Tony La Russa managed baseball from 1979 to 2011, with three different teams: the Chicago White Sox (1979 to 1986, winning the AL West in 1983), the Oakland Athletics (1986 to 1995, winning the AL West in 1988-90 and 1992, the AL pennant from 1988-90 and the World Series in 1989), and the St. Louis Cardinals (1996 to 2011, winning the NL Central in 1996, 2000, 2002, 2004-06 and 2009, the NL Wild Card in 2001 and 2011, the NL pennant in 2004, 2006 and 2011, and the World Series in 2006 and 2011). Suffice to say, his list of accomplishments is quite notably strong. Every team he went to, he changed their year-to-year outlook. The White Sox went from Bill Veeck's quirky guinea pigs to being contenders within just a few seasons, while the A's launched from mid-80's massacre to league powerhouse, and the Cardinals, not even a decade removed from their 1987 World Series run, reloaded and became a perennial contender for many a year to come, winning their division and being one win away from the World Series in his first season at the helm. Although many Cardinals fans complained of his sometimes brainless day-to-day operations (broadcast nationally in Game 5 of the 2011 World Series when he completely wasted half his bullpen due to miscommunication), he has to be doing SOMETHING right to have been able to build contenders within three seasons of his arrival every single time he went to a new team. Like with fellow contestant Jose Oquendo, the presence of Albert Pujols can be a factor in drawing him to Anaheim, and he could also be drawn to the younger pieces such as Grant Green and Kole Calhoun, building blocks for the future here. Can he be coaxed from the retired life to work magic a fourth time?

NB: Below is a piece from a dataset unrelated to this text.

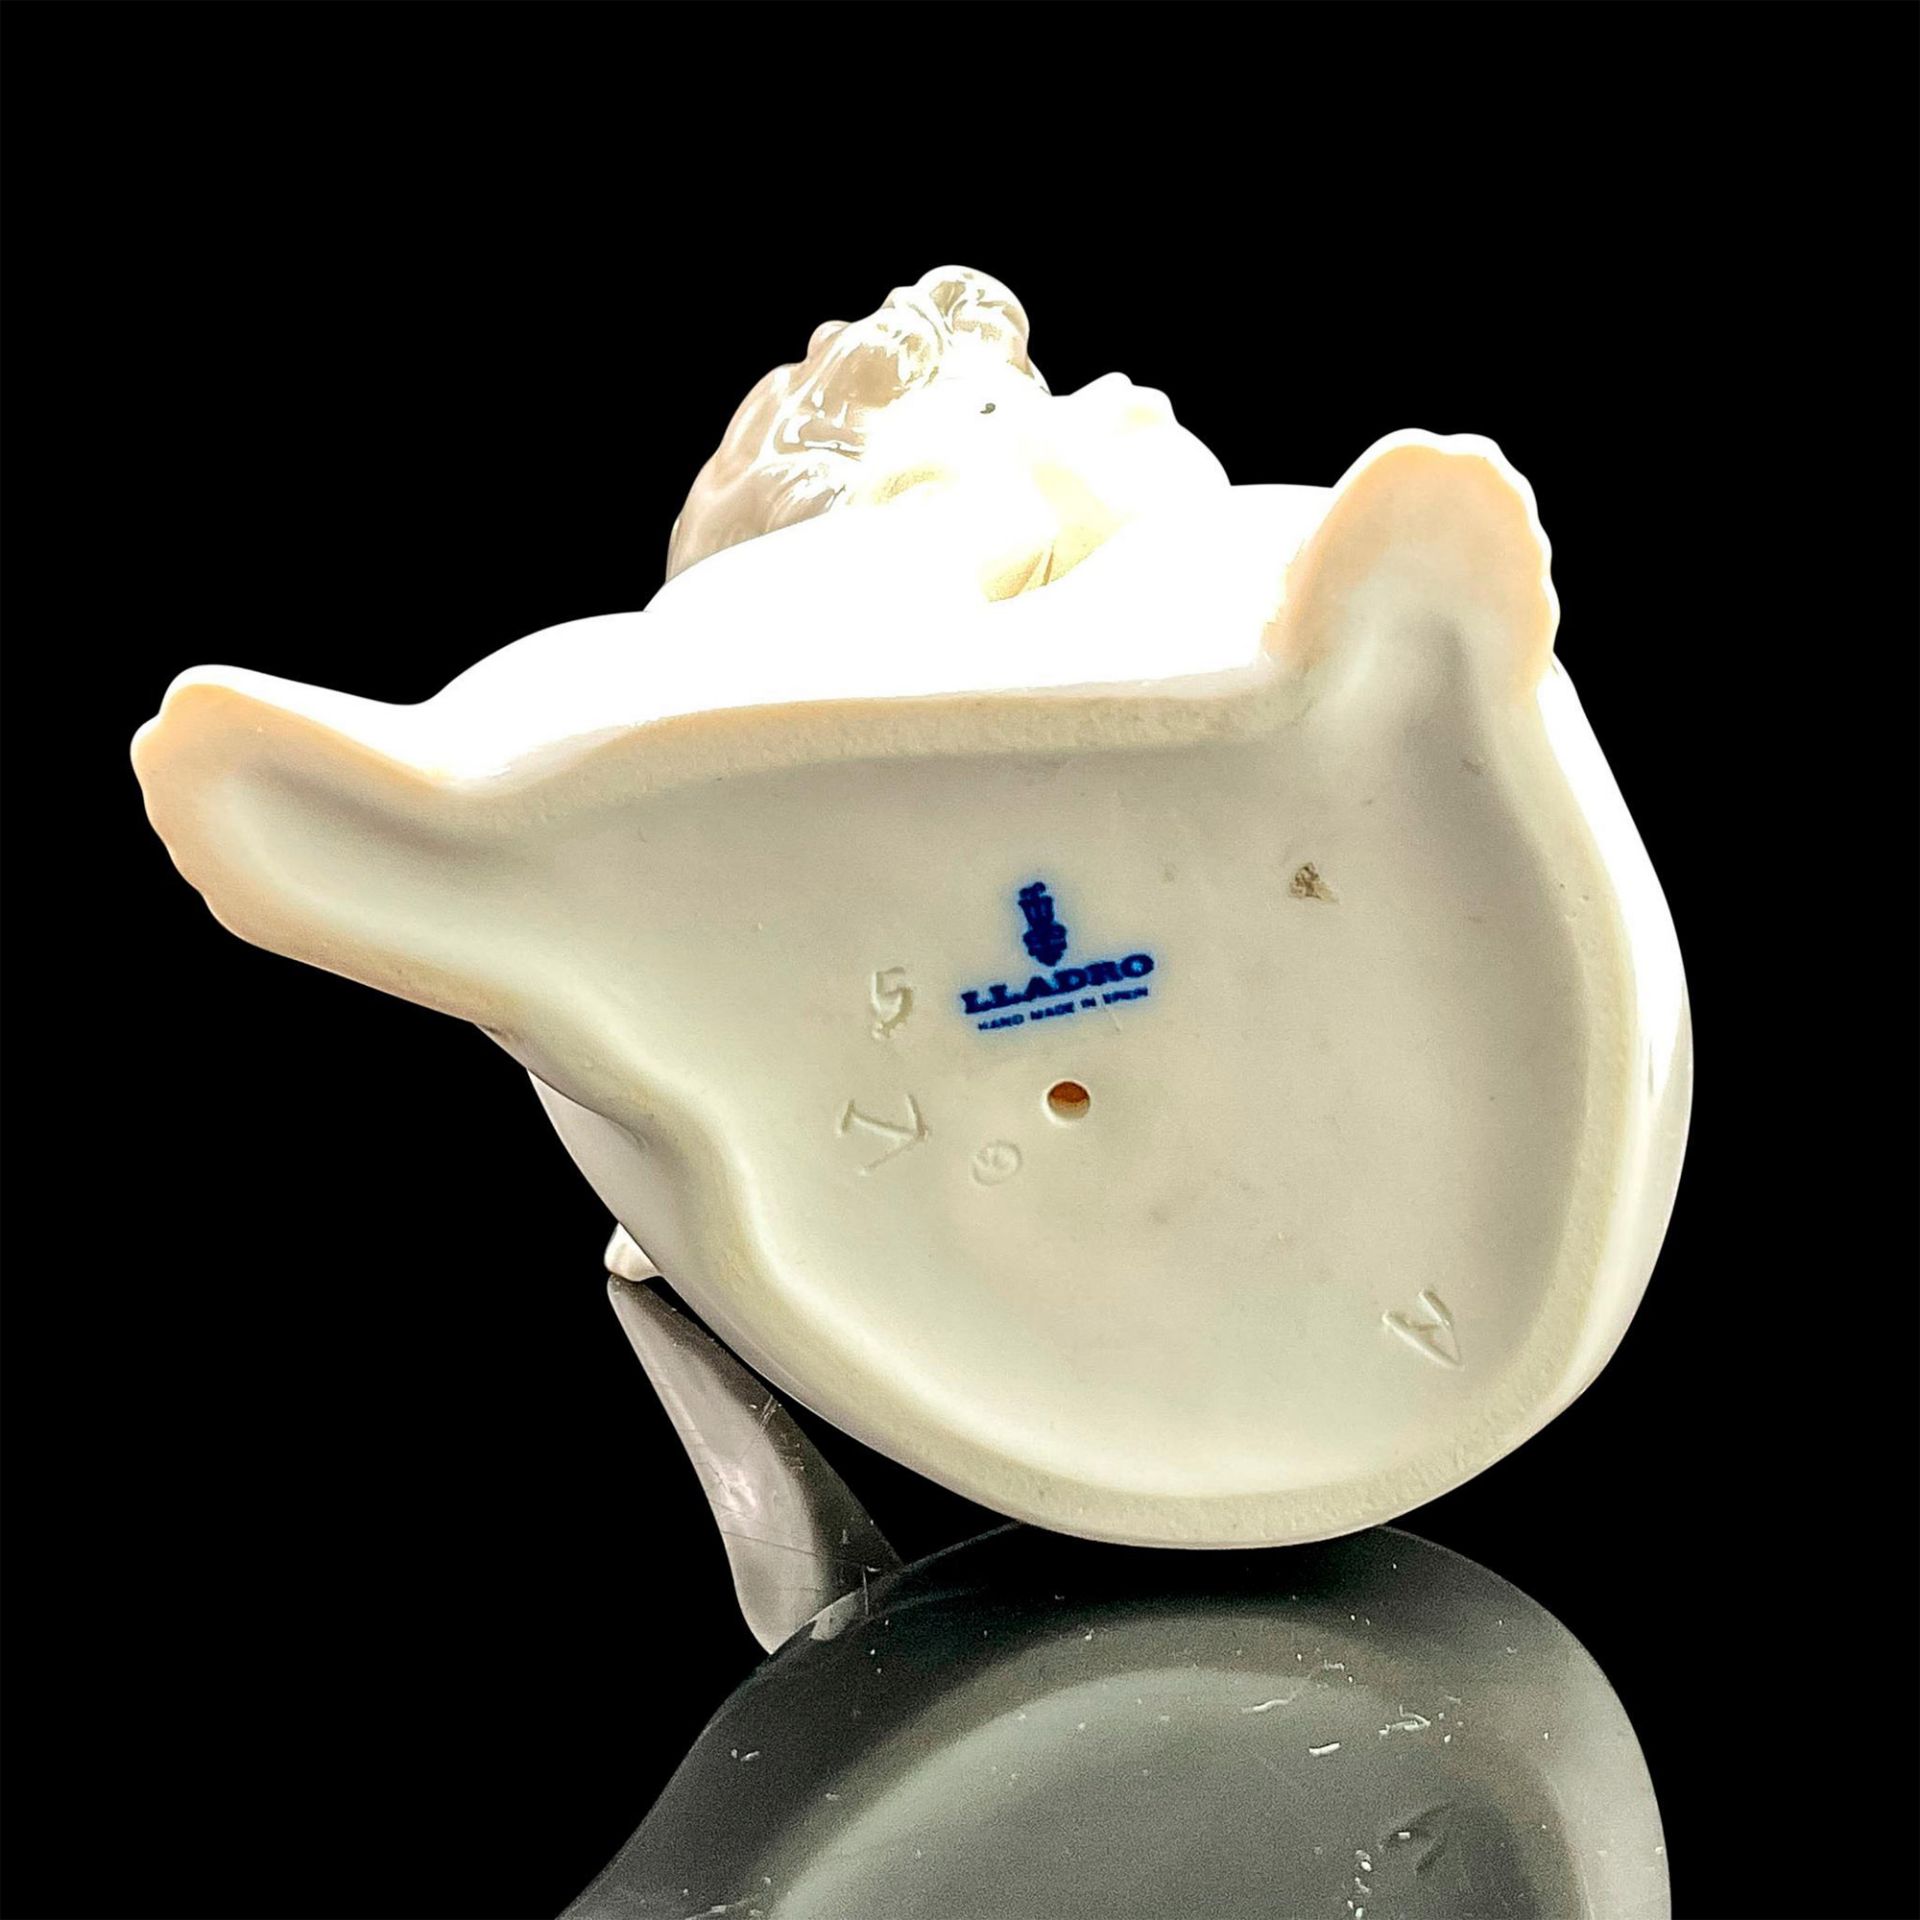 Cherub, Dreaming 1004961 - Lladro Porcelain Figurine - Image 3 of 3
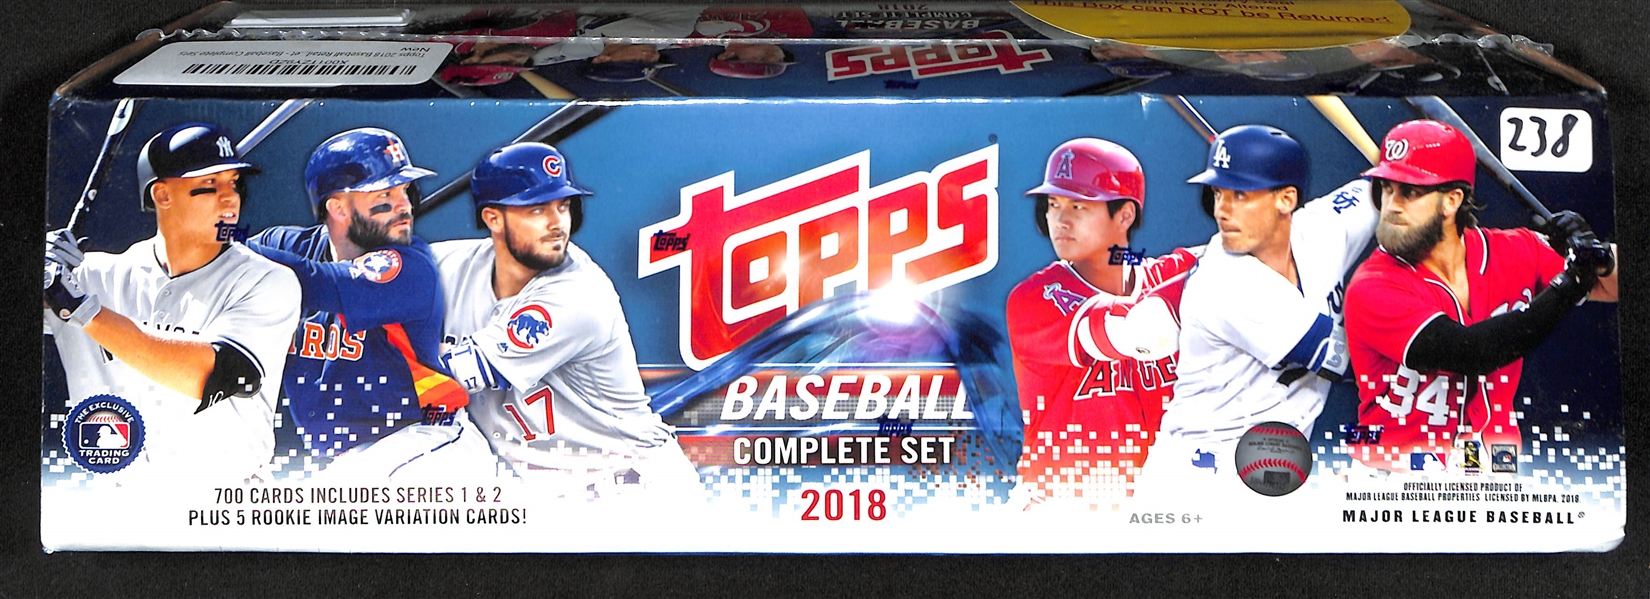 2018 Topps Baseball Complete Factory Sealed Set w/ Shohei Ohtani Rookie Variation

Cal Ripken, Jr. is on many a short list when it comes to the greatest shortstops to play the game of baseball. Nicknamed "The Iron Man" due to his unusual and legendary durability (shattering Lou Gehrig's consecutive games mark by playing in 2.632 straight games from 1982 to 1998), he put up monstrous stats with the Baltimore Orioles from 1981 to 2001: 3,184 hits, 431 home runs and 1,695 runs batted in, with a .276/.340/.447 slash line, 95.6 WAR (including 11.5 in an historic 1991 campaign) and the dubious honor of the most GIDPs in big league history, with 350 over his career. While he's yet to manage or even coach in any official capacity, he has been very involved on the business side of baseball, being the owner of three different minor league teams (Aberdeen IronBirds, Augusta GreenJackets and Charlotte Stone Crabs) and been very active in charitable causes, particularly those centered around a cure for ALS, or Lou Gehrig's disease. His baseball philosophy and style isn't exactly an open book, but if it's anything like that of his lesser-skilled brother over at MLB Network, he's likely of the more "old-school" style--though I won't speak to what I don't know. Would Ripken even consider cutting his managerial teeth with anyone but his hometown Orioles?

Two legends at hand here, folks--vote and discuss away!